Chinese Foreign Ministry spokesperson Wang Wenbin on Wednesday told reporters that Canada’s explanation thus far was ”not convincing.”

“The wrongdoing of the Canadian staff concerned has already caused an egregious impact and triggered strong resentment and discontent among the ordinary Chinese people,” Wang said. “The Canadian side should take the matter seriously and give a clear explanation to the Chinese side as soon as possible.”

The Canadian Foreign Ministry did not immediately reply to a request for a response to Wang’s statement.

The controversy is a further irritant to relations between the countries that have nosedived in the past two years over China’s demand that Canada release a top executive of communications giant Huawei who is wanted on fraud charges in the United States.

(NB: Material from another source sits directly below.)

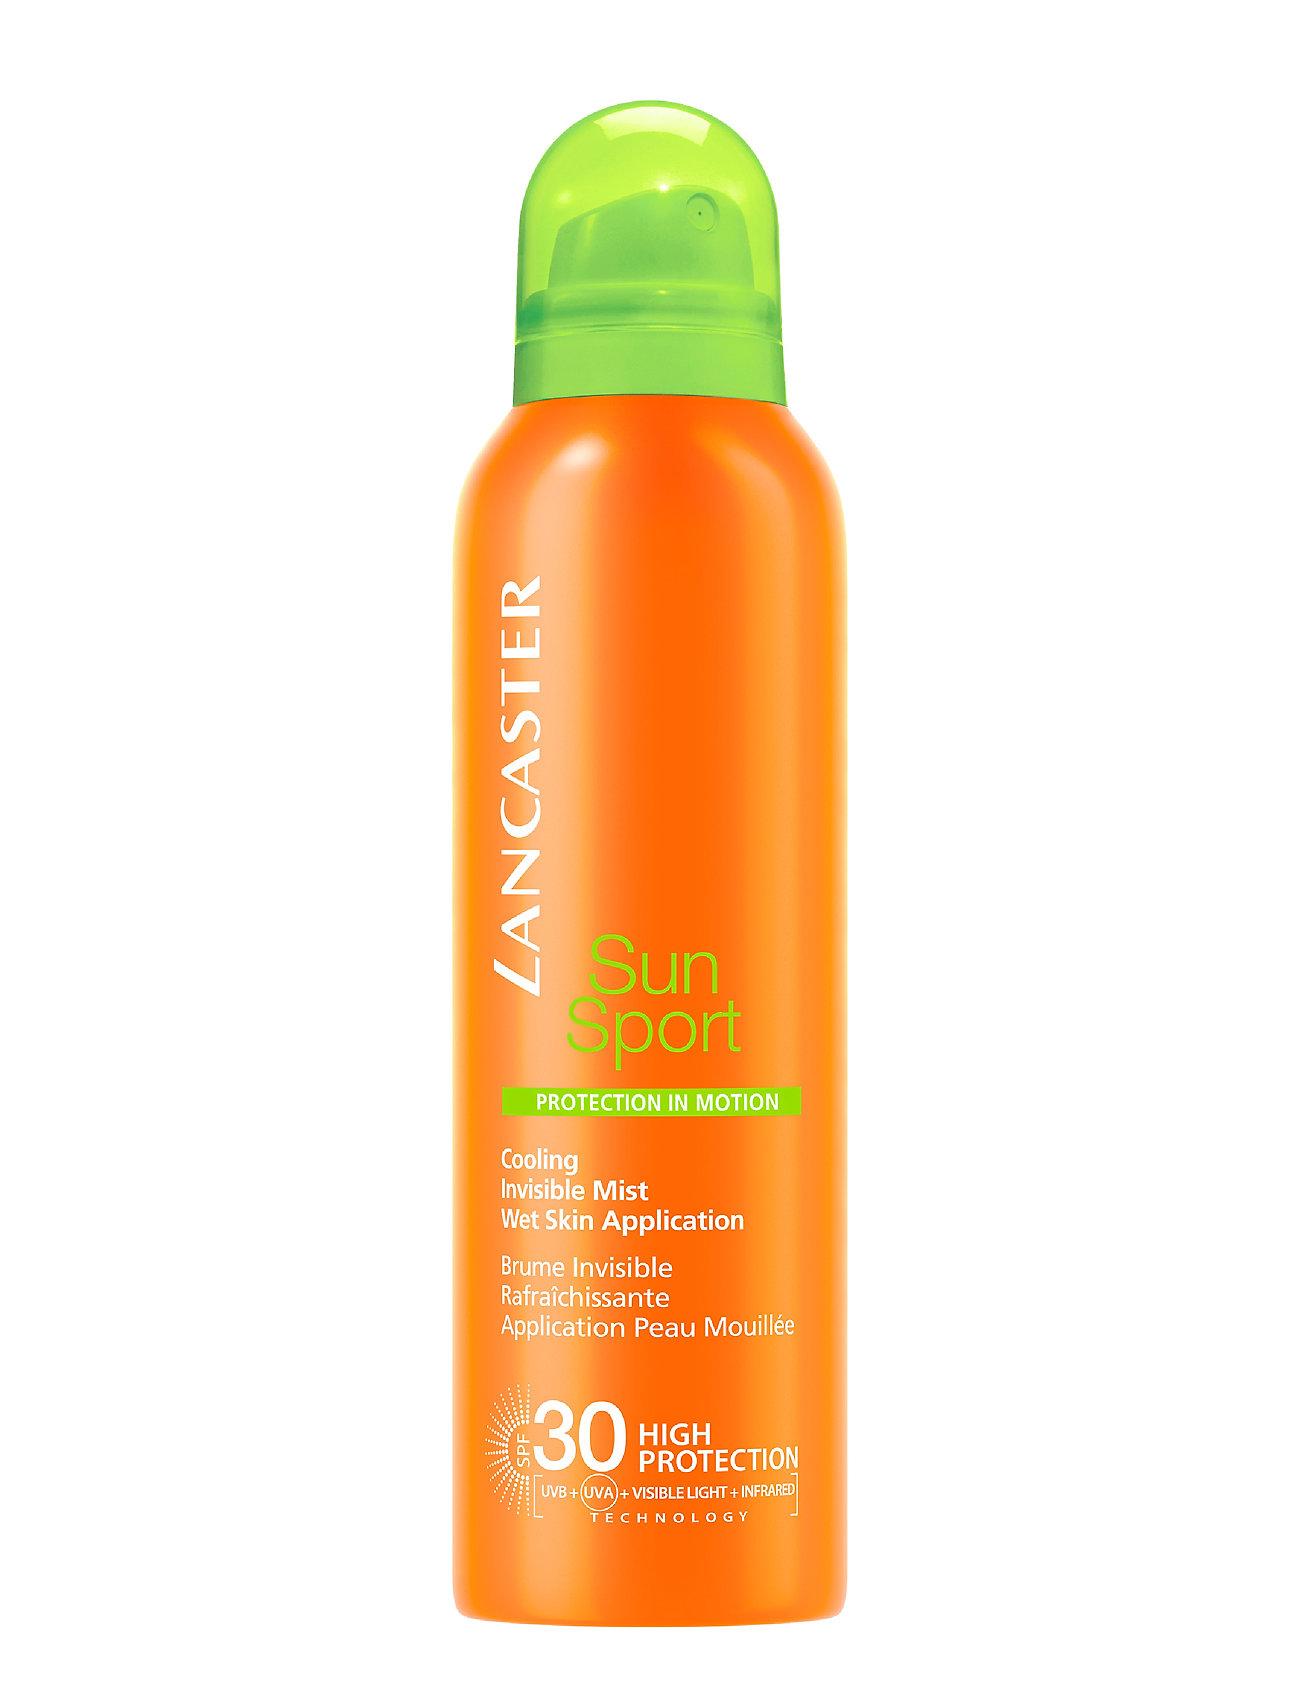 Image of Sun Sport Cooling Mist Spray Spf30 Beauty MEN Skin Care Sun Products Sports Suncare Lancaster (3467401445)
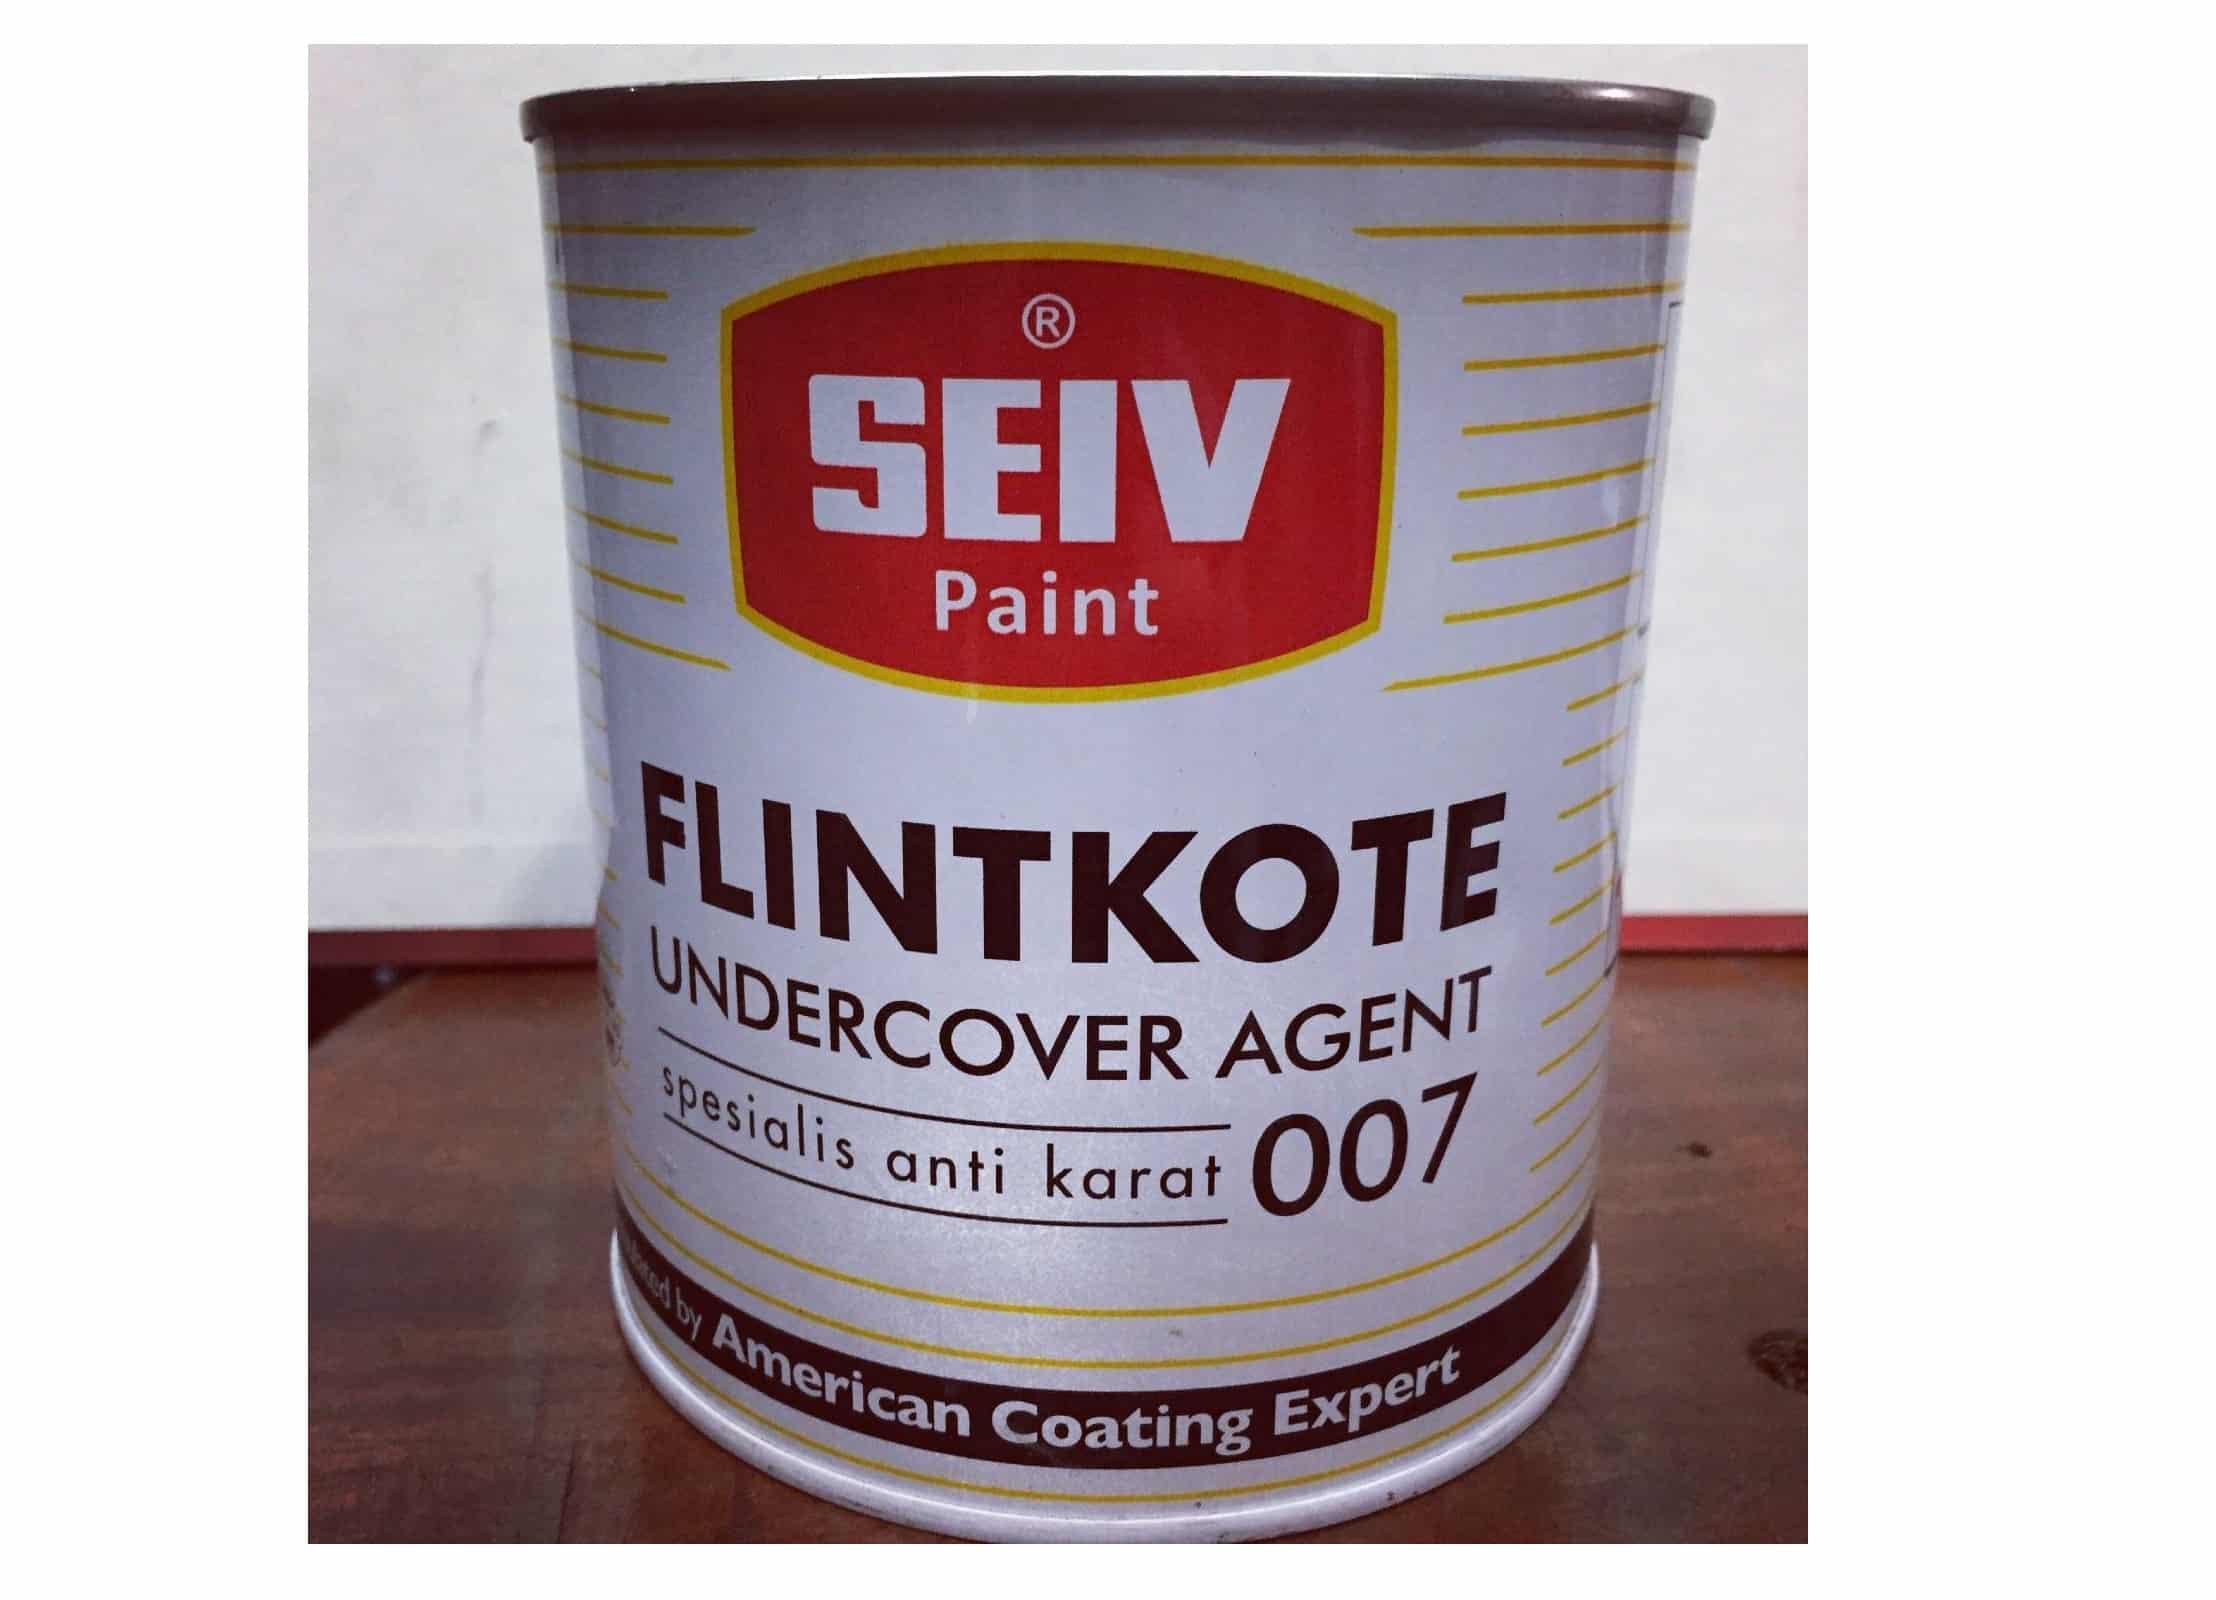 Seiv-Paint-Varian-Flikote-Undercover-Anti-Karat-007

Meng Wanzhou, who is also the daughter of the company’s founder, denies the charges. China says her case is politically motivated as part of a U.S. effort to stifle the nation’s global economic expansion. Her lawyers argue she has been subjected to abuse of process and should be freed.

Canada arrested Meng at Vancouver’s airport in late 2018. In apparent retaliation, China detained former Canadian diplomat Michael Kovrig and Canadian entrepreneur Michael Spavor, placed restrictions on various Canadian exports to China, and sentenced a convicted Canadian drug smuggler to death in a sudden retrial.